Longevity, Chapter 6: 2400

Longevity and Other Stories
A life without end,
stars call from the endless night,
time slips through our hands.
Buy Yours Here:
Amazon - Books2Read

This is a draft version of a chapter from John Saye’s book, Longevity and Other Stories. If you are daring, why not subscribe to my newsletter (they come few and far between), and I’ll send you a PDF copy of the book?

It was still a crude settlement, but we all loved it. The Mars 4 landing site. Red ugly desert as far as the eye could see, but we’d built this town here, hadn’t we? What used to be a stand-alone rocket site with a couple of disused landers and half a dozen robotic rovers had turned into a bustling town. Of course, it was all under domes and that kind of thing, because you still couldn’t breathe out there, but it was still interesting to see the planets. Coming from an age when going to another planet, even in our solar system, was practically impossible. I’ve now seen Titan. I’ve done Saturn, and I’ve also been on a cruise around Jupiter. That one was pretty good.

I met my third wife on that trip. We called it the trip of a lifetime, and here I am, moving to Mars on my own. She died earlier this month, some kind of infection that the shot didn’t fend off, and I just sold everything. The stuff they wouldn’t take, I boxed up and sent away to charities and auctions. If I could get a dollar for it, then I did. I didn’t care, but I got the ticket. They don’t even put you under for the trip anymore. It’s that fast. I swear it was like a light shuttle ride to the moon to get here. I think besides the fact that the jet lag on a trip like this can put you into a coma if you’re not careful, the strangest part was watching the earth disappear on the monitors and then watching as Mars blew until it was larger than life.

We landed, everything was just fine, about an hour ago, and I’ll be interested to see the apartment that I’ve selected. Everyone gets this big package before they buy into this place, it’s almost like one of those packets they used to get you to sign off on when they wanted to sell you a time-share or something, and the sell is about that hard, but I knew what I was doing, and was already going to buy before I got there. I wanted to get off the Earth again. I joke I was born on Earth, but that nobody who was ever born on Earth will ever die there now. It’s just too easy to get around. Moving to the moon is like relocating from New Jersey to Idaho for a job, and going to Saturn is something like a vacation spot. There’s a lot of gas mining going on at Jupiter, but Saturn is untouchable. You have to get all kinds of permits and things before you can get anywhere near the rings. They are paranoid that someone will pass a space freighter through there and tear them up. It’s like Saturn is some kind of behemoth state park that no one is allowed to touch.

Imagine someone driving an eighteen-wheeler onto Old Faithful and unloading a stack of Chinese snack cups headed for Disneyland and then crashing a cement truck into that. They don’t want anyone anywhere near Saturn. Ever. At least not anymore.

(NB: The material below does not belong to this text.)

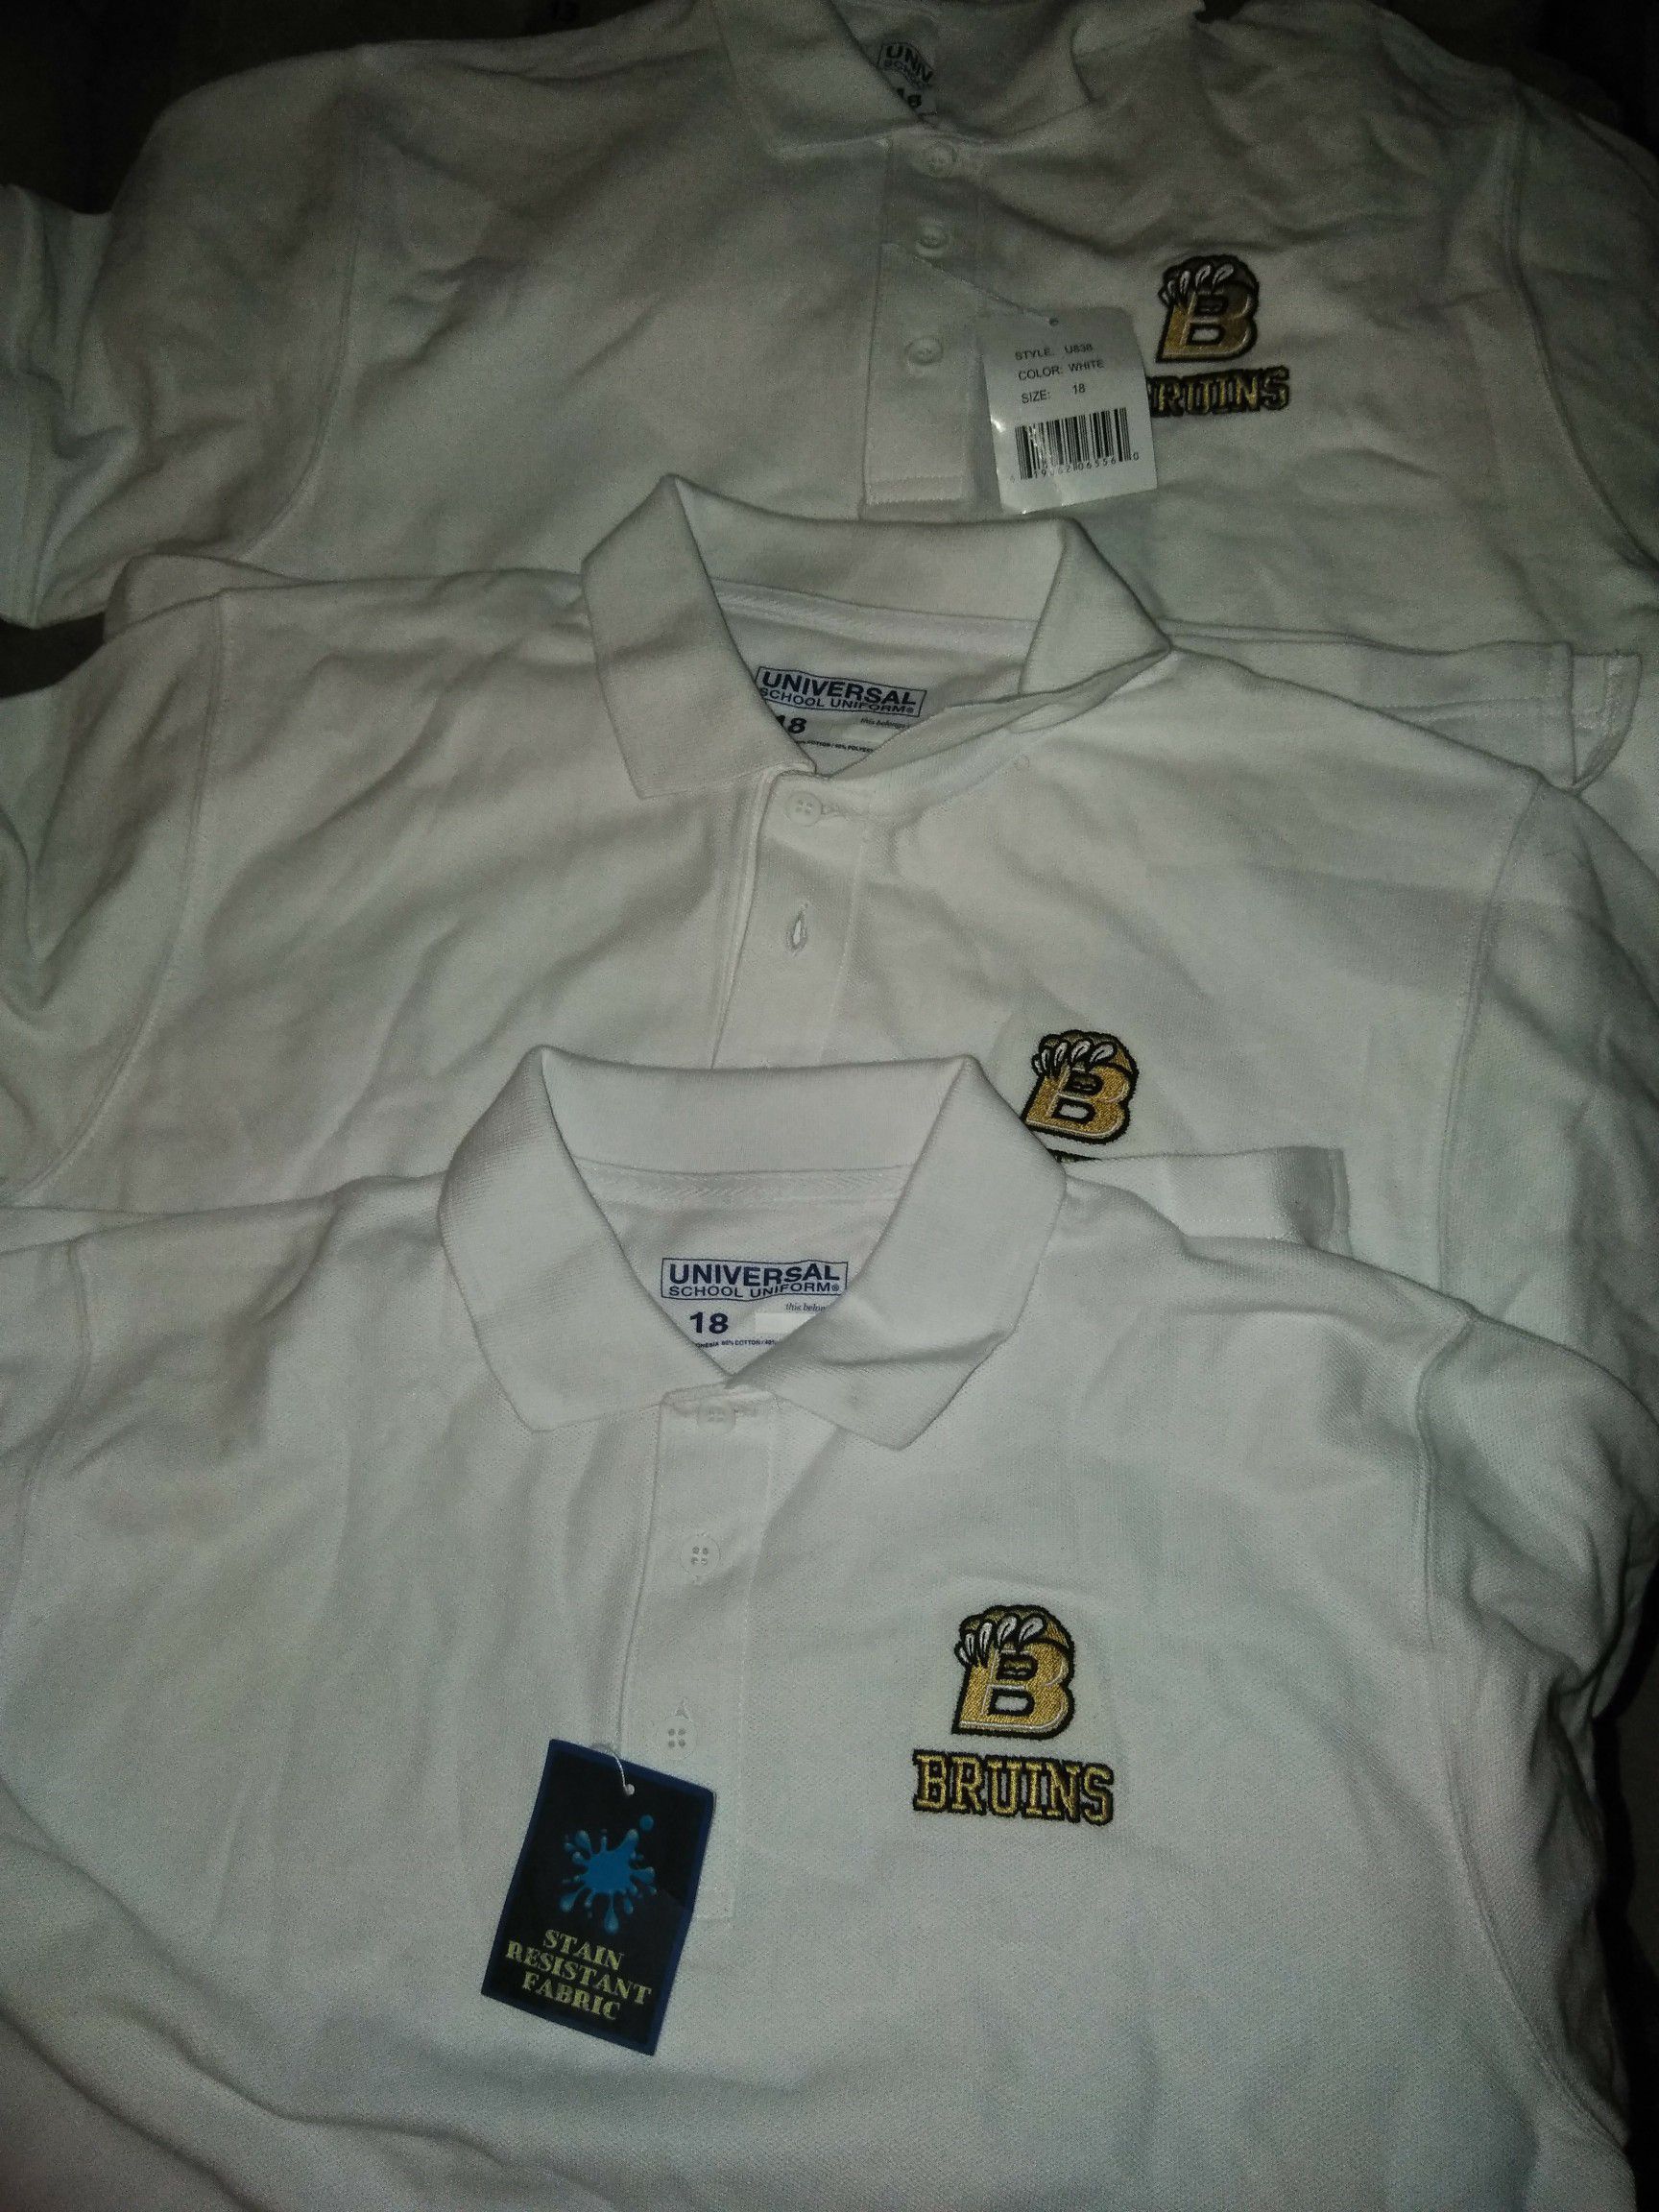 Bonnabel high school uniforms for Sale in New Orleans, LA - OfferUp
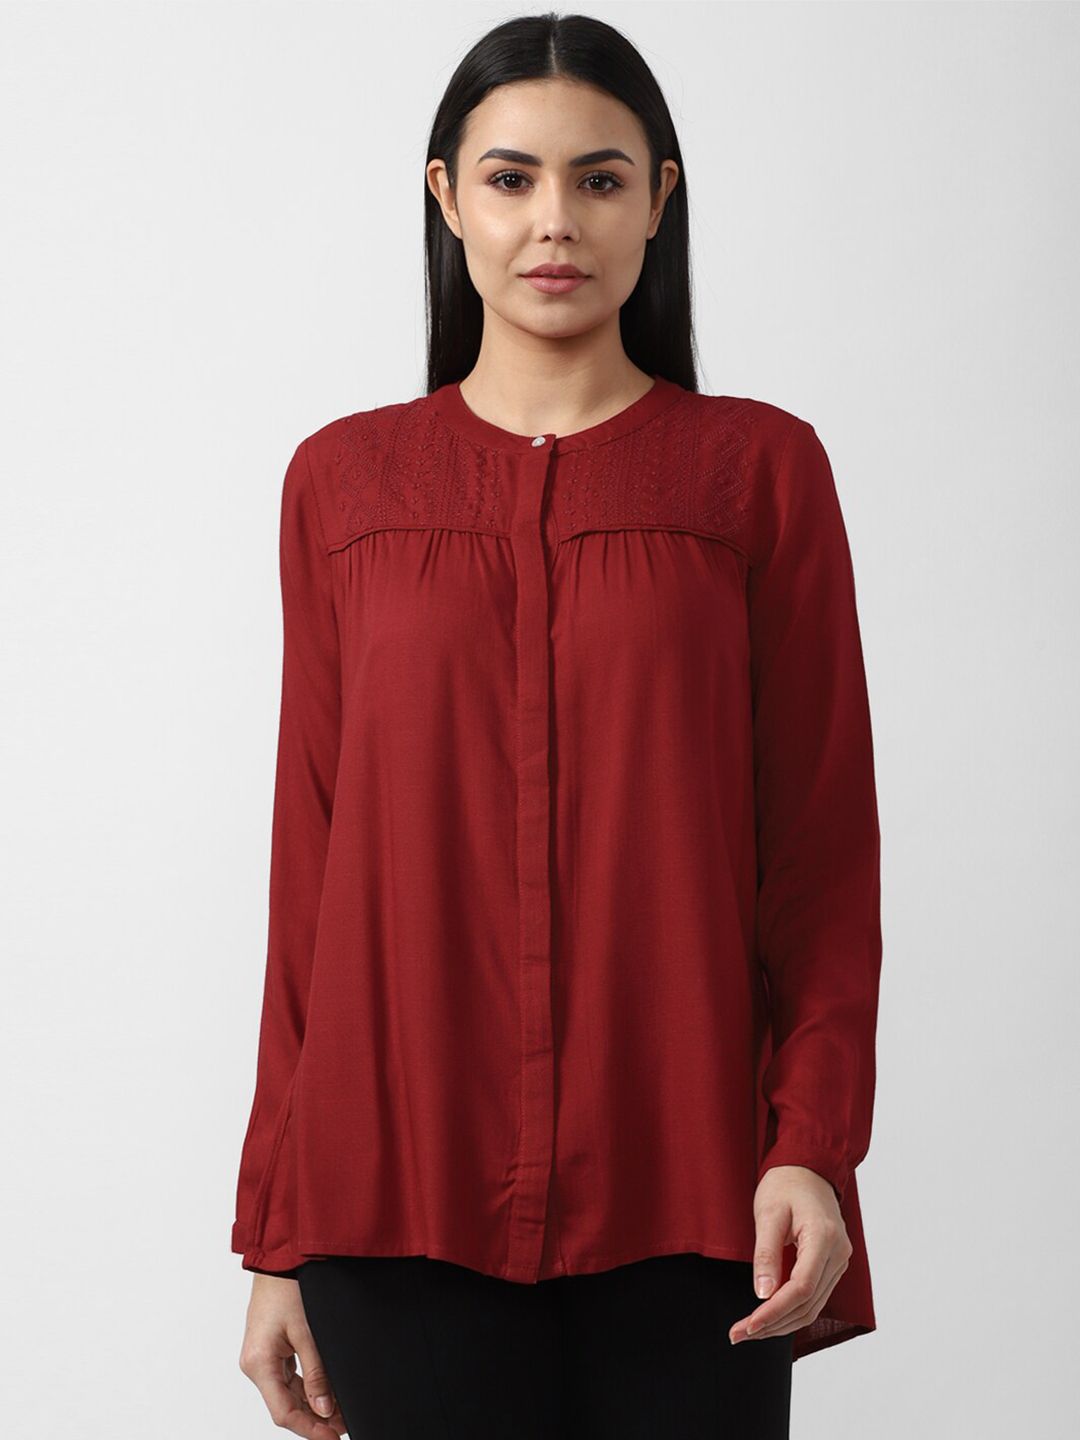 Van Heusen Woman Maroon Mandarin Collar Applique Shirt Style Top Price in India

The apartment is pleasant, if sparse, and it came furnished, so I didn’t have to do anything about that. I brought some clothes with me, but all I want to do is log in on the table and see what my brother is up to. I check my bank accounts, and where there used to be nothing sits a pile of cash that I never spend. I have so few needs, and so few want anymore. The apartment is paid for, so I’ll have it. I think for about one hundred ninety-nine years before the contract runs out. With any luck, I’ll die before that’s over, but the way things are going, I just don’t expect that to be the case. I have an appointment with my doctor tomorrow. With any luck, I’ll have contracted a deadly disease or something. All I want is something to challenge my doctor a bit. It’s been so long since he had to treat anyone for anything that I think he’s just plain bored.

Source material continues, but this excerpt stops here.